The letter John Neigl had told her about. Those damned, wonderful, impossible letters. Why, oh dear Lord, why couldn't they have continued that way? She put the letter on the table and cried.

Chapter Twenty-seven

 

@

They returned last night. Lillian Bede

 

Avery folded the note. "They" were undoubtedly Evelyn, Bernard, and Miss Makepeace. With that short sentence Lily had fulfilled her obligation. For a woman who'd penned voluminous letters on no weightier topic than "a footman's livery" you'd think she would have something more to say. Some cautionary word, some indication… my God! he thought, crumpling the sheet into a tight ball, they'd shared their bodies; she could have shared more than four words!

He dropped the letter onto the narrow cot that one borrowed for six shillings a night at the Hound and Hare. He missed Mill House. No, he missed what Lily had made of Mill House, the uncluttered, homely comforts and relaxed atmosphere.

He missed Lily. The odd, stunningly beautiful woman who challenged his preconceptions and had wrested his wholehearted respect. He missed her sharp tongue, her crafty penuriousness, her ridiculous campaign to save race horses, and her honest bewilderment in dealing with Bernard's adolescent crush.

He did not know how he could live without her.

He certainly couldn't live at Mill House without her. It was hers. From the cheap reproduced Sevres vase to the comfortable sitting room, it bore her stamp. Even the bloody portraits in that embarrassingly pretentious gallery somehow belonged to her. It was a home only as long as Lily was its mistress.

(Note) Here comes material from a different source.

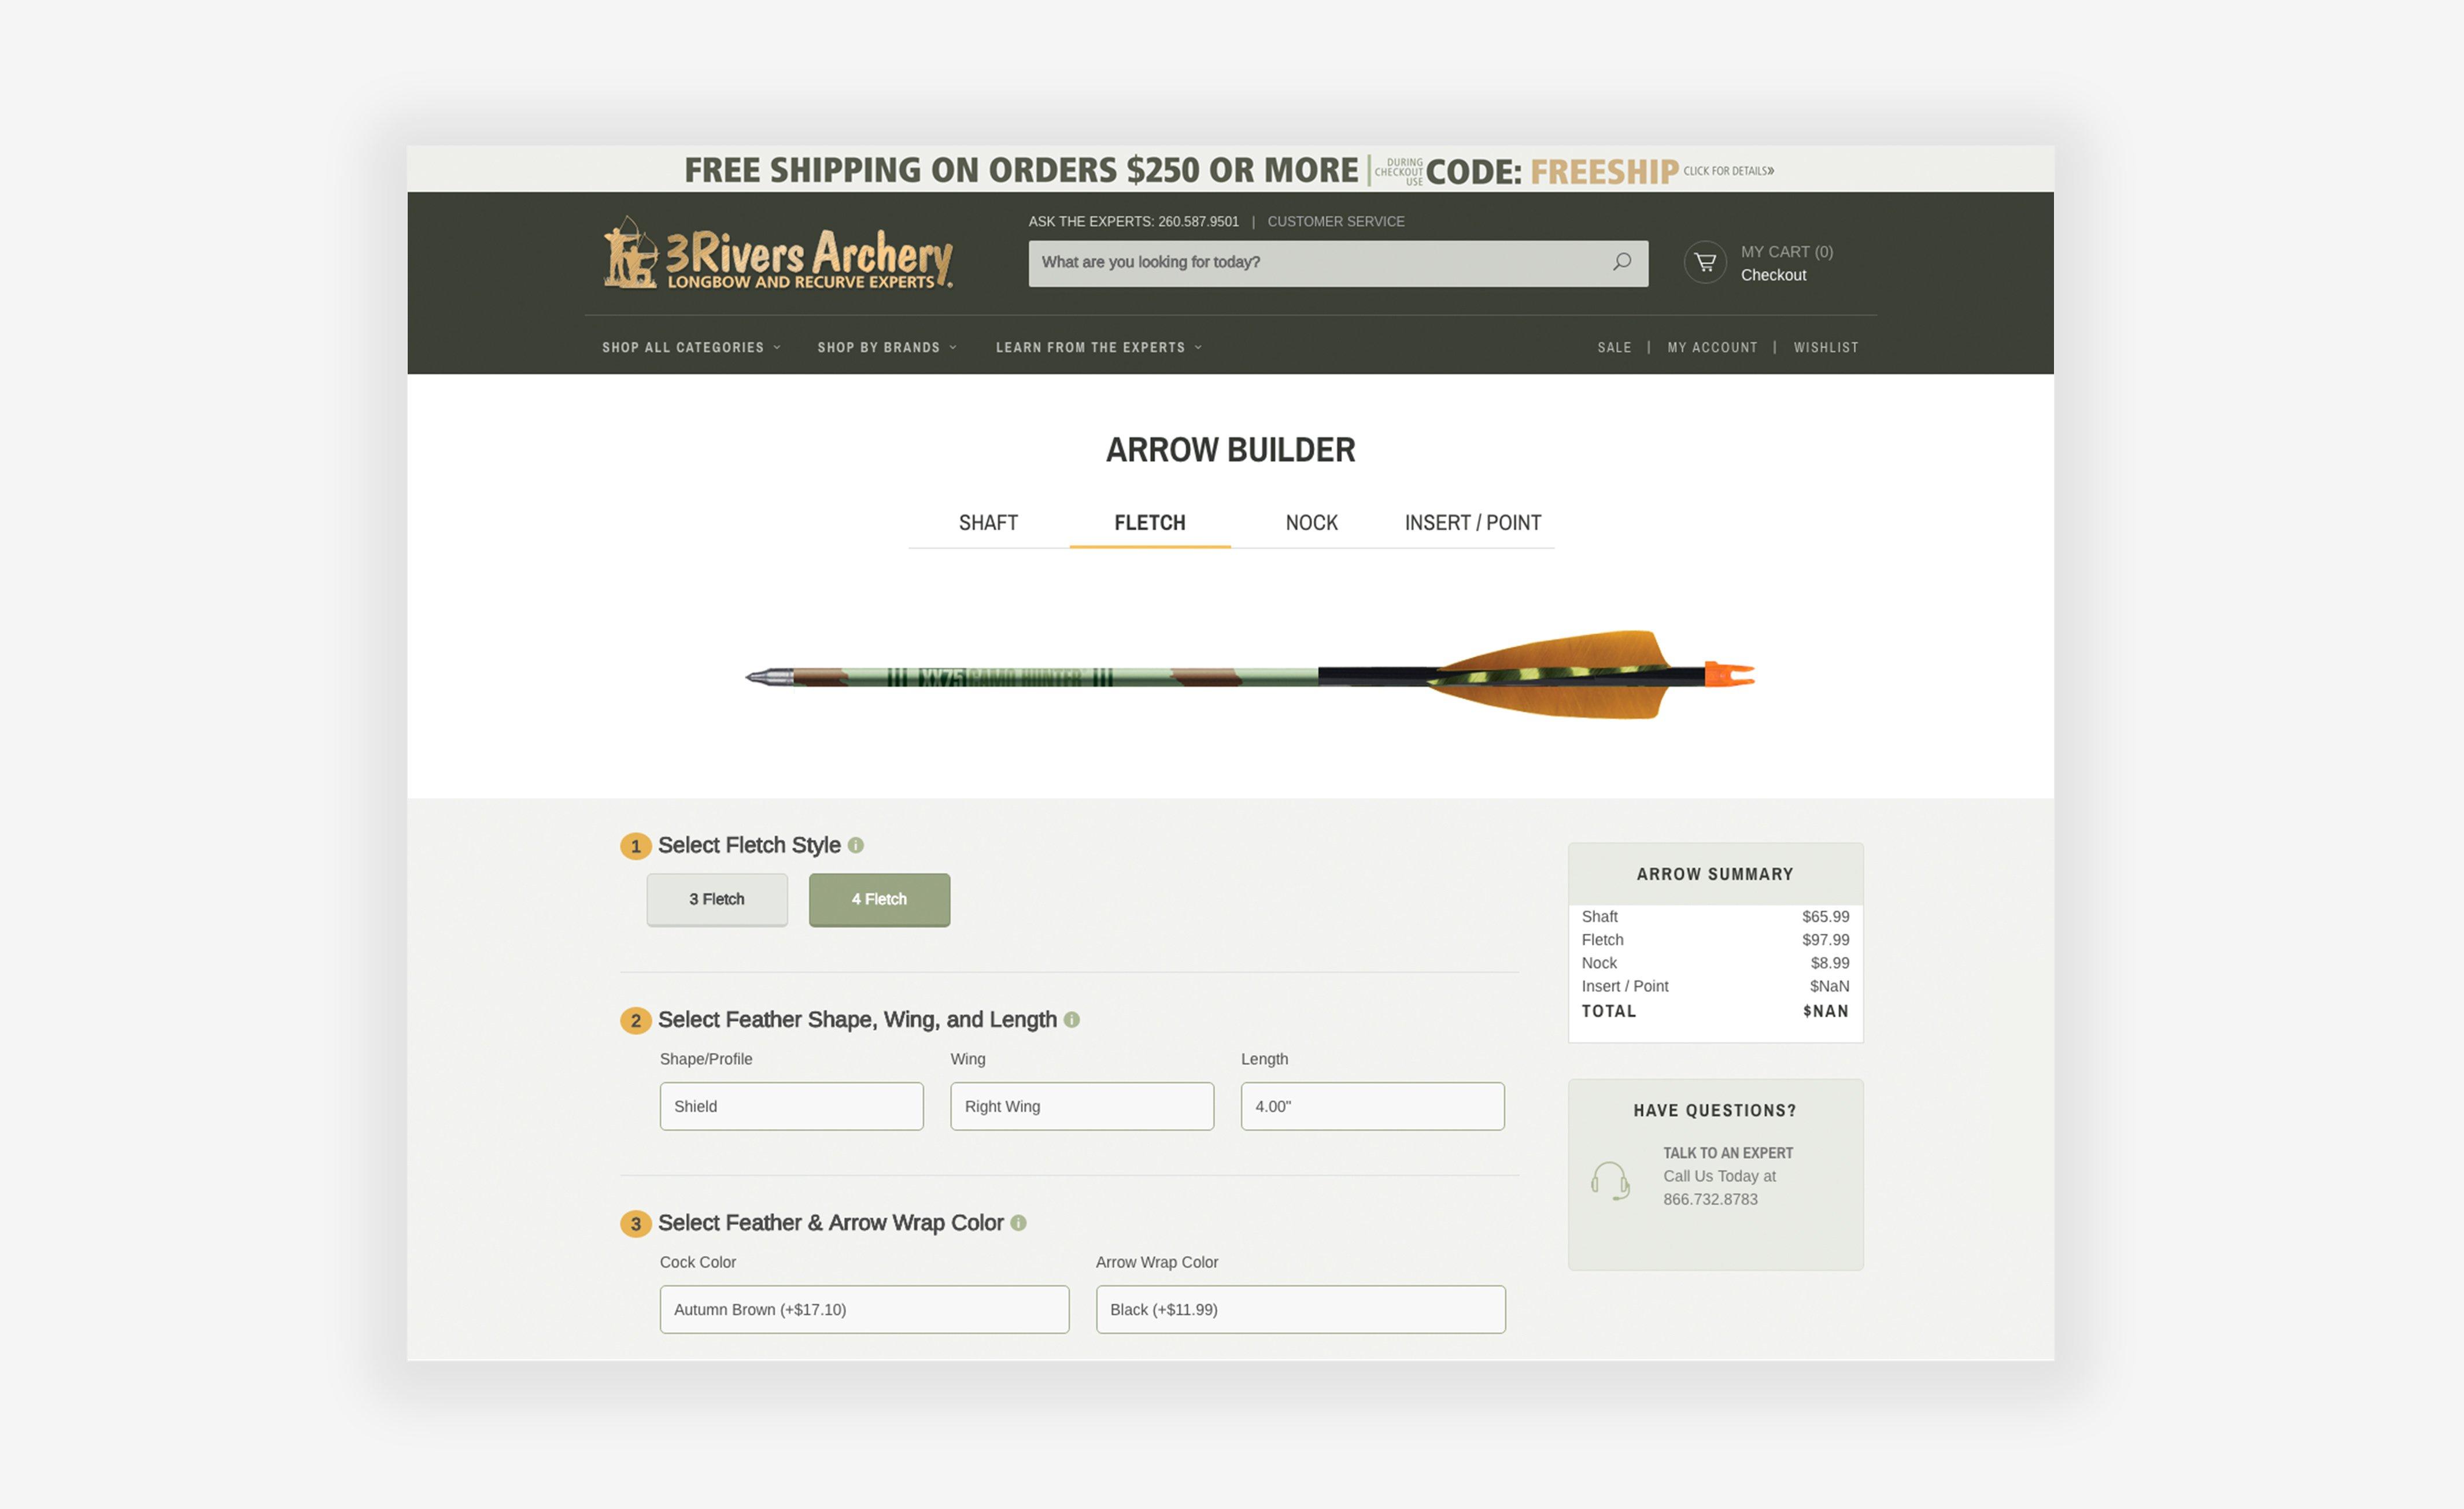 1805-3Rivers-Archery--ARROW-BUILDER

He bent down and extracted from beneath the slumped mattress a battered valise, withdrawing a tightly bound bundle. He could at least make something come right of this ungodly coil.

He snagged his coat from a peg and headed out of the inn, nodding at the blushing girl scouring the whitewashed steps. He began walking the dusty road that led to Mill House.

 

"Here. This will rebuild the stables and put you in the black once more." Avery dumped the thick packet of bills on the desk.

She looked composed and remote and cool. Her impeccably clean bloomers and stiff man's shirt had more starch in them than a Chinese laundry. She glanced down at the money. "What is this?"

"Your money."

Her gaze, flat and wary, slid up to meet his. "I don't have any money."

"You have this. It's the money you've been sending me for five years. It's the allowance. I kept it."

For a second, surprise kindled a gleam in her dark, empty eyes. He'd only one thing now to offer her— one thing that she might be convinced to take, but he must do it carefully, lest even this small token, this tiny thing he could do for her, be thrown back.

"I don't believe you," she said.

"I don't really give a damn whether you believe me or not," he lied. "Stop reacting like some self-proclaimed misused debutante and
think
."

His words had the desired effect. The pain and wariness disappeared from her expression. Her flesh smoothed tightly to the bone. If she'd been a horse her ears would have been lying flat.

"I do
not
think I have been misused," she said loudly, coming round from her side of the desk. "I am sure that you consider you have acted in a most noble manner by offering me your money—"

"Listen, Lily," he cut in, pulling his cigar case from his jacket pocket and taking his time in making his selection. "I made a bid for you," he murmured. "I lost it. I may be selfish but I hope I am still a gentleman."

"Oh, yes," he heard her say softly. "One cannot say you weren't a gentleman."

He fumbled a cigar free of the holder, in doing so taking a short reprieve. He took his time nipping the end off it, jammed it between his teeth, and finally looked at her.